Creating a Toolbar in Interface Builder
Beginning with OS X v10.5 (Leopard), you can create a toolbar in Interface Builder. You can do almost anything with toolbars in Interface Builder that you can do programmatically. At runtime, you may combine toolbars and toolbar items that are unarchived from a nib file and those that are programmatically created.
Adding a Toolbar to a Window
Open your application’s nib file and search the Interface Builder library for “toolbar”. A toolbar object and a number of toolbar items are listed in the library.
Drag the toolbar object onto a window. Interface Builder automatically positions it below the window bar and above the window’s content view. It displays the "default” default set of toolbar items.
Select the toolbar (if it isn’t already selected) and display the Attributes pane for the toolbar in the inspector (Command-1). Set the desired attributes of the toolbar; make sure Customizable is selected if you want users to add items from the allowed set.
Note that the Attributes pane for toolbars does not include a field for the toolbar identifier. Remember that the purpose of the identifier is to differentiate toolbars assigned to different kind of windows, for example, between the toolbars for document windows and the toolbar for a utility window. Because you would store these different toolbars in different nib files, there is little need for toolbar identifiers.
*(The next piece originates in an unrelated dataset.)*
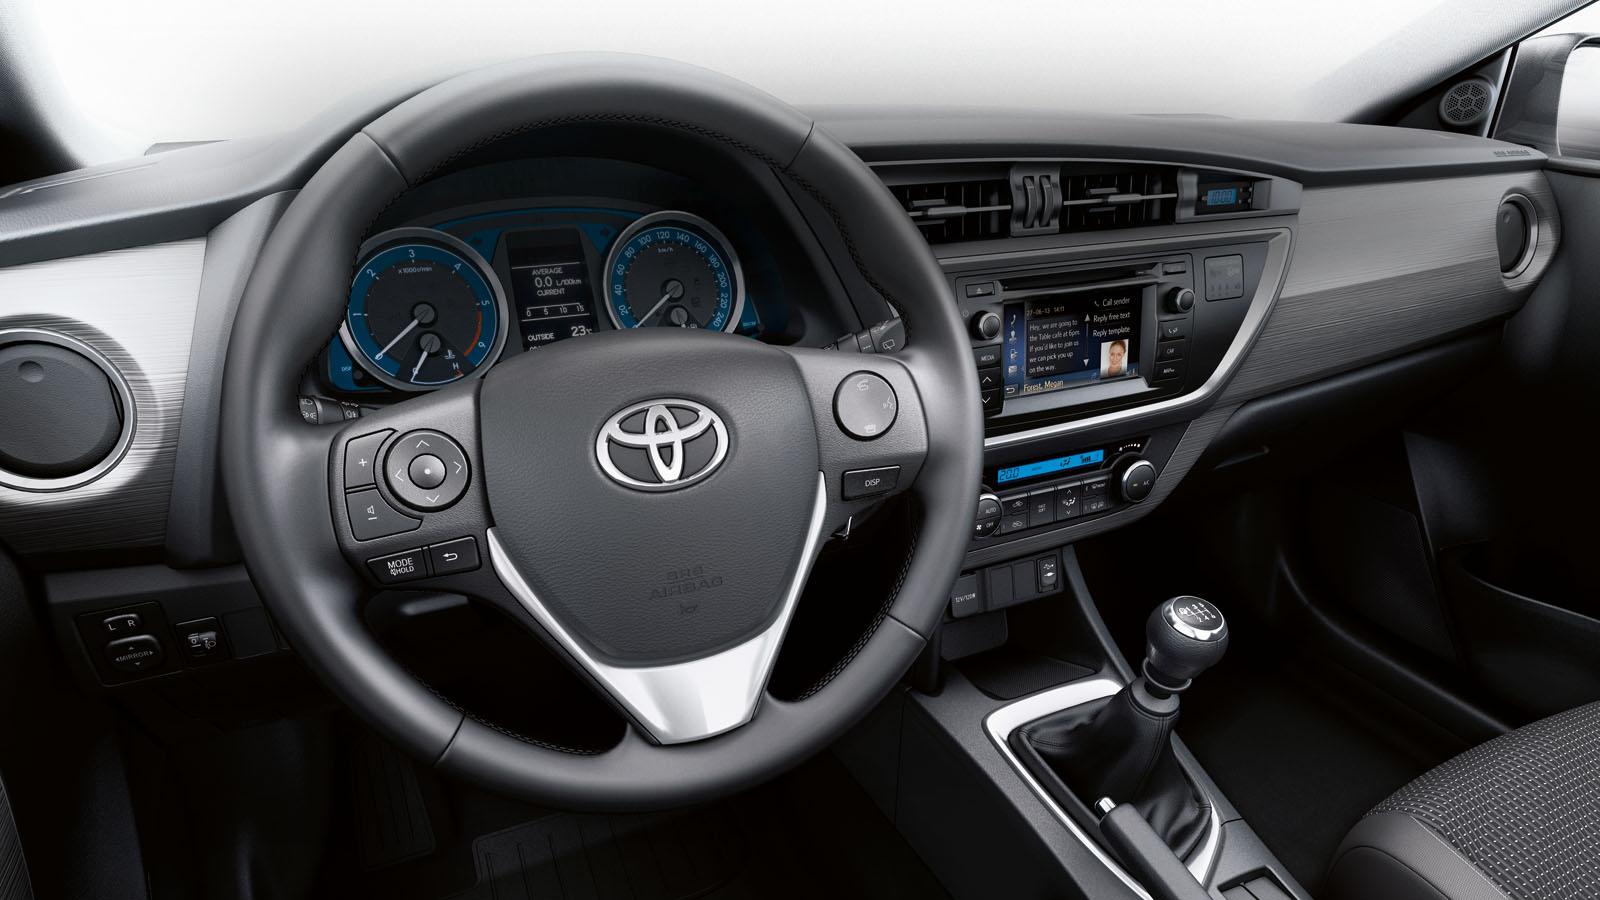 Toyota ritira dal mercato 3,4 milioni di auto con difetto airbag

Adding and Configuring Toolbar Items
Next you add and possibly remove toolbar items to both the allowed set of items and the default set. A toolbar item can be one of the standard ones (for example, Colors) or can be a custom toolbar item. Start by clicking the toolbar if it is already selected or double-clicking it if it is not selected. This displays a view containing the allowed toolbar items.
To add a toolbar item, drag it from the library onto the row of allowed toolbar items. If you want the same item to be in the default set, drag it from the allowed toolbar items onto the toolbar. Position it where you want it to appear. To remove an item, drag it away from the window and release the mouse button; this applies to toolbar items in both the default set and the allowed set.
Custom toolbars are of two sorts: custom image and custom view. To add a custom image toolbar item, drag the Image toolbar item from the library and drop it on the row of allowed items. Complete the following steps to configure the custom toolbar item:
Add the image you want to use for the toolbar item to the project (Project > Add to Project).
Select the custom toolbar item and display the attributes for it (Command-1).
Enter the name of the image file (minus extension) in the Image Name field.
Enter labels and a tag number for the toolbar item and select the Autovalidates option.
You can use a toolbar item’s tag as a way to access it programmatically from its toolbar.
For the Priority option, see the description of the setVisibilityPriority:
method.
You custom toolbar item will look similar to the one in this example.
If you want this toolbar item in the default set, drag it to the toolbar.
The procedure for adding a custom view item is very similar to that for a custom image item. (“Custom” in this context means any object from the Interface Builder library as well as instances of a custom NSView
subclass.) Just drag any view object from the library onto the Allowed Toolbar Items area. Click the item once and press Command-1 to display the Attributes pane for the object as a toolbar item; click again to edit the attributes of the item as itself. You should modify the size of the custom view item in the Size pane of the inspector, not directly. If you drag a Custom View object into the allowed-items set, click it twice and set the name of the custom NSView
class in the Identity pane of the inspector (Command-6).
Setting the Target, Action, and Toolbar Delegate
After you complete the default and allowed sets of toolbar items, make sure the appropriate ones are set up to invoke a target method in a target object. For example, for a custom toolbar item you would complete the following steps:
Declare an action method (return type
IBAction
) in the header file of the class whose instance is the target.Select the object representing this class in the Interface Builder document window (it’s often File’s Owner).
Right-click (or Control-click) to display the connections window; locate the action method under Received Actions.
Drag a connection line from the circle after the action name to the toolbar item in the allowed set.
Implement the action method.
Finally, make a connection between the delegate
property of the toolbar and the object (if any) that responds to the delegation messages sent by the toolbar.